Recommended by:  Marianne Boeke

Author:  Ray Bradbury

Genre:  Fiction, Science Fiction, Dystopia

175 pages, published October 1953

Reading Format:  Audio Book on Hoopla

 

Summary

Ray Bradbury’s science fiction classic Fahrenheight 451 is set in a dystopian future where books are verboten because the powers that be deem them to make people unhappy.  The main character is Guy Montag, a fireman whose job is to burn books.  After a few interactions with a teenage neighbor named Clarice, Guy comes to realize that something is missing in his life.  As begins to defy society’s rules by keeping books, he becomes a hunted man.

 

Quotes 

“Stuff your eyes with wonder, he said, live as if you’d drop dead in ten seconds.
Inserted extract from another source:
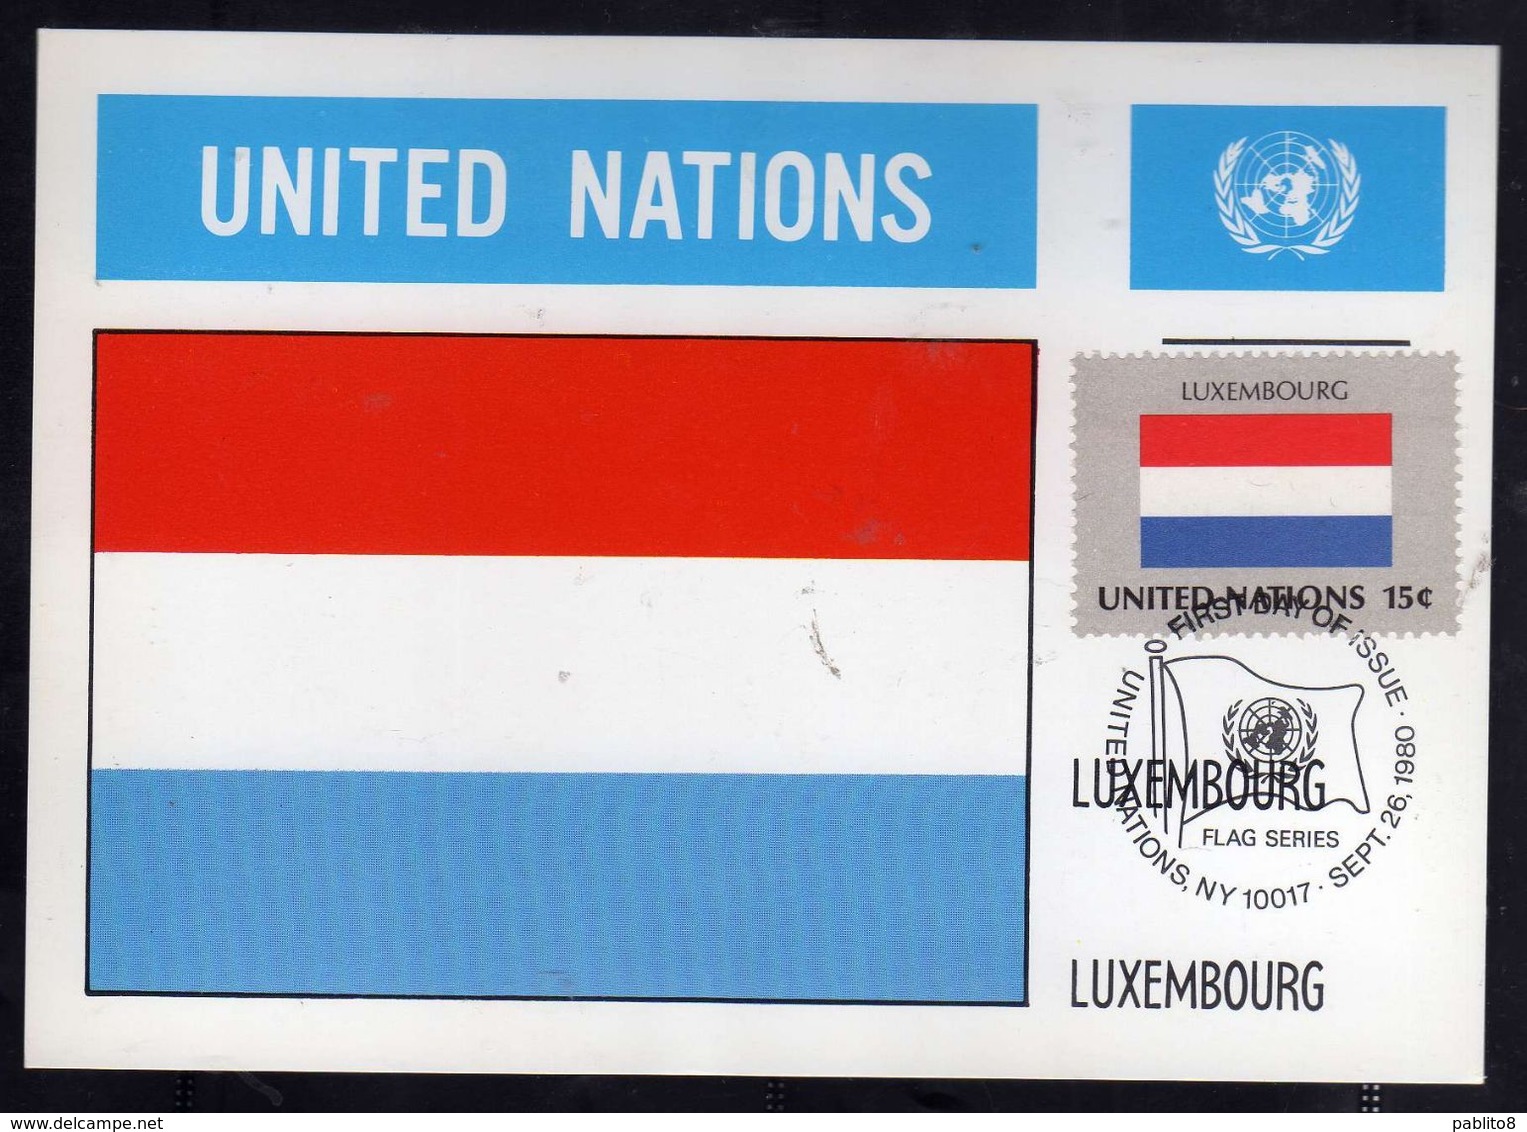 UNITED NATIONS NEW YORK ONU UN UNO 26 9 1980 FLAGS LUXEMBOURG LUSSEMBURGO FDC MAXI CARD CARTOLINA MAXIMUM - Cartes-maximum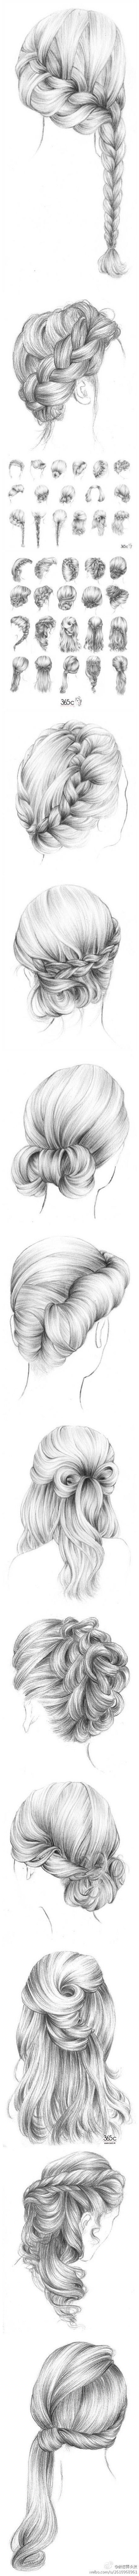 Lots of cute hair drawings

See the world. It’s more fantastic than any dream made or paid for in factories.”

 

“Everyone must leave something behind when he dies, my grandfather said. A child or a book or a painting or a house or a wall built or a pair of shoes made. Or a garden planted. Something your hand touched some way so your soul has somewhere to go when you die, and when people look at that tree or that flower you planted, you’re there.

 

It doesn’t matter what you do, he said, so long as you change something from the way it was before you touched it into something that’s like you after you take your hands away. The difference between the man who just cuts lawns and a real gardener is in the touching, he said. The lawn-cutter might just as well not have been there at all; the gardener will be there a lifetime.”

 

“We cannot tell the precise moment when friendship is formed. As in filling a vessel drop by drop, there is at last a drop which makes it run over; so in a series of kindnesses there is at last one which makes the heart run over.”

 

“There must be something in books, something we can’t imagine, to make a woman stay in a burning house; there must be something there. You don’t stay for nothing.”

 

“If you hide your ignorance, no one will hit you and you’ll never learn.”

 

“The books are to remind us what asses and fool we are. They’re Caeser’s praetorian guard, whispering as the parade roars down the avenue, “Remember, Caeser, thou art mortal.” Most of us can’t rush around, talking to everyone, know all the cities of the world, we haven’t time, money or that many friends. The things you’re looking for, Montag, are in the world, but the only way the average chap will ever see ninety-nine per cent of them is in a book. Don’t ask for guarantees. And don’t look to be saved in any one thing, person, machine, or library. Do your own bit of saving, and if you drown, at least die knowing you were headed for shore.”

 

“It doesn’t matter what you do…so long as you change something from the way it was before you touched it into something that’s like you after you take your hands away.”

 

“And when he died, I suddenly realized I wasn’t crying for him at all, but for the things he did. I cried because he would never do them again, he would never carve another piece of wood or help us raise doves and pigeons in the backyard or play the violin the way he did, or tell us jokes the way he did. He was part of us and when he died, all the actions stopped dead and there was no one to do them the way he did. He was individual. He was an important man. I’ve never gotten over his death. Often I think what wonderful carvings never came to birth because he died. How many jokes are missing from the world, and how many homing pigeons untouched by his hands? He shaped the world. He did things to the world. The world was bankrupted of ten million fine actions the night he passed on.”

 

My Take

I first read Fahrenheight 451 in high school.  I enjoyed it then, but think I liked it even better on the second reading more than 35 years later.  As an avid reader, it is hard for me to imagine a world without books.  They enrich my life deeply and make me think about ideas in whole new ways.  That is the point Bradbury is trying to make.  Without exposure to ideas both old and new (with books as the premier transmission form), we are destined for a life of mediocrity and banality.